Amebiasis results from infection with the intestinal protozoan Entamoeba histolytica. A recent clarification within the genus Entamoeba has resulted from the use of zymodemes (electrophoretic mobility patterns of parasitic isoenzymes) to distinguish between two morphologically identical species: E. histolytica - usually asymptomatic, but may be pathogenic; and E. dispar - the more prevalent species by 10-fold, but always asymptomatic. Although most patients ( 90%) infected with E. histolytica are asymptomatic, amebiasis in the remaining symptomatic patients ( 10%) accounts for the third most common cause of death from parasitic disease worldwide (following Schistosomiasis and Malaria). About 10% of the world's population is infected by either E. histolytica or E. dispar, resulting in 50 million cases of invasive amebiasis and 100,000 deaths (all due to E. histolytica). The prevalence of E. histolytica and E. dispar in the U.S. is 4%, but it is more common in lower socioeconomic groups, the institutionalized mentally retarded, homosexuals, and some immigrants.
Ingestion of cysts of either E. histolytica or E. dispar is followed by excystation in the small bowel and invasion of the colon by trophozoites. In 90% of patients, trophozoites re-encyst and produce asymptomatic infection. Most asymptomatic carriers terminate infection within 12 months. Invasive disease begins with adherence of E. histolytica to colonic mucins, epithelial cells, and leukocytes; a process mediated by the parasite's galactose-inhibitable adherence lectin. After adherence, trophozoites of E. histolytica invade the colonic epithelium by means of proteolytic enzymes, and produce either nonspecific thickening of the mucosa or the classic flask-shaped amebic ulcers. Trophozoites may ascend the portal veins to produce acellular liver abscesses filled with proteinaceous debris. E. histolytica trophozoites lyse target cells by using its lectin to bind to the target cell's membrane and using the parasite's ionophore-like protein to induce a Na+ , K+ , Ca2+ leak from target cell cytoplasm.
Amebic Colitis often presents with a 1-2 week history of abdominal pain, diarrhea containing blood and mucous, and tenesmus, but fever is often absent. Although endoscopy reveals hemorrhagic ulcers dispersed over a normal-appearing mucosa, fecal leukocytes are absent because of the lytic activity of ameba. Fulminate Colitis presents with severe bloody diarrhea, fever, and diffuse abdominal pain, and has a mortality rate of > 50%. Chronic Amebic Colitis presents with recurrent episodes of dysentery, and can mimic inflammatory bowel disease, or when Ameboma is present, carcinoma.
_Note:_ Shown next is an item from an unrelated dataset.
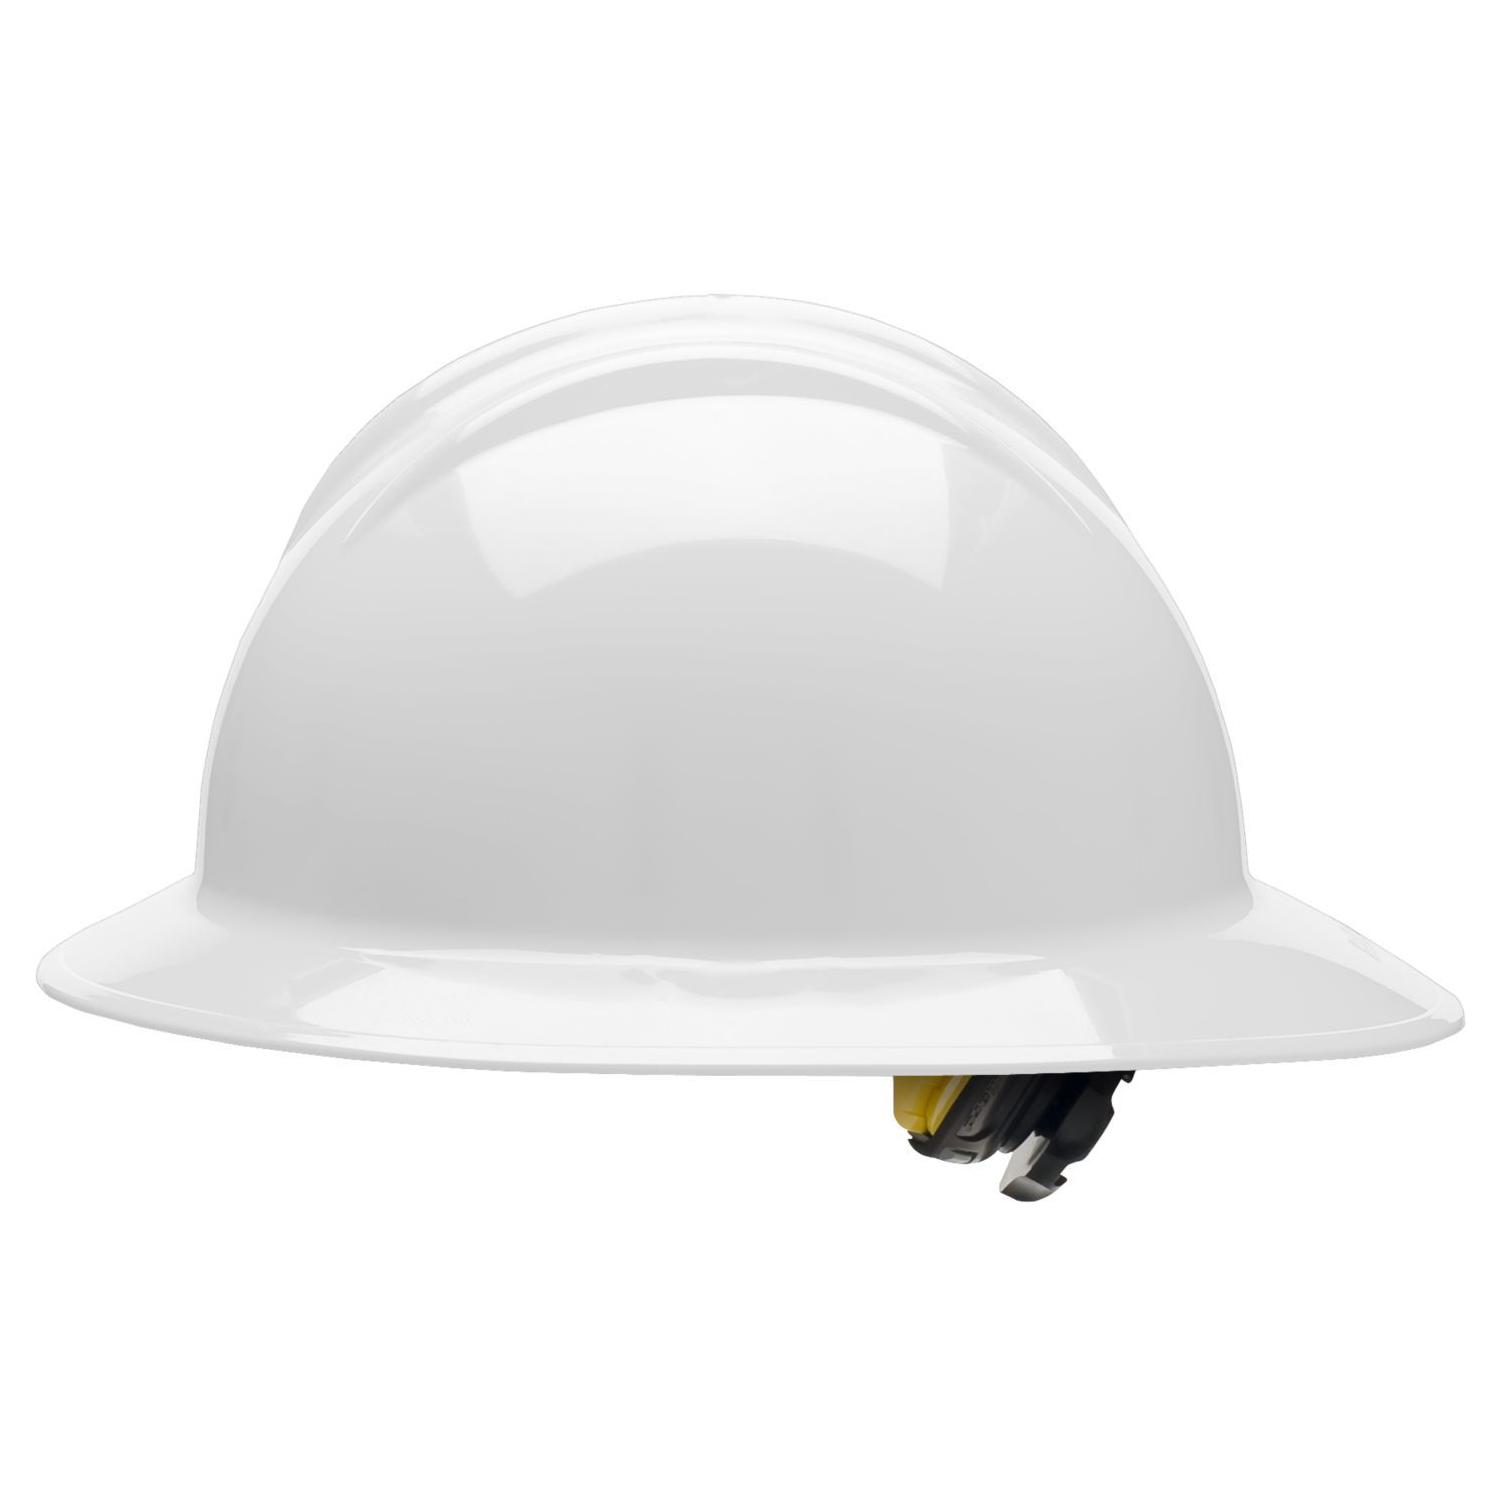 One Size Bullard 33WHR Classic Full Brim Style Hard Hat 6 Point Ratchet Suspension White

Extraintestinal Amebiasis most often results in liver abscess, but any organ may be involved. Diagnosis of invasive amebiasis depends on the presenting symptoms, detection of antiamebic antibodies, and blood in the stool, a finding that should lead to examination of the stool for trophozoites. E. histolytica ingests red blood cells and stimulates production of antiamebic antibodies. Infection with E. dispar does not result in production of antibodies, and E. dispar does not ingest RBCs.
Prophylaxis: When traveling outside of the U.S., avoid drinking contaminated water, eat only cooked food or self-peeled fruit. Therapy: Invasive colitis or liver abscess: Metronidazole 750 mg PO tid or 500 mg IV q6 hr. X 10 days, followed by Dilozanide furoate 500 mg po tid X 10 days.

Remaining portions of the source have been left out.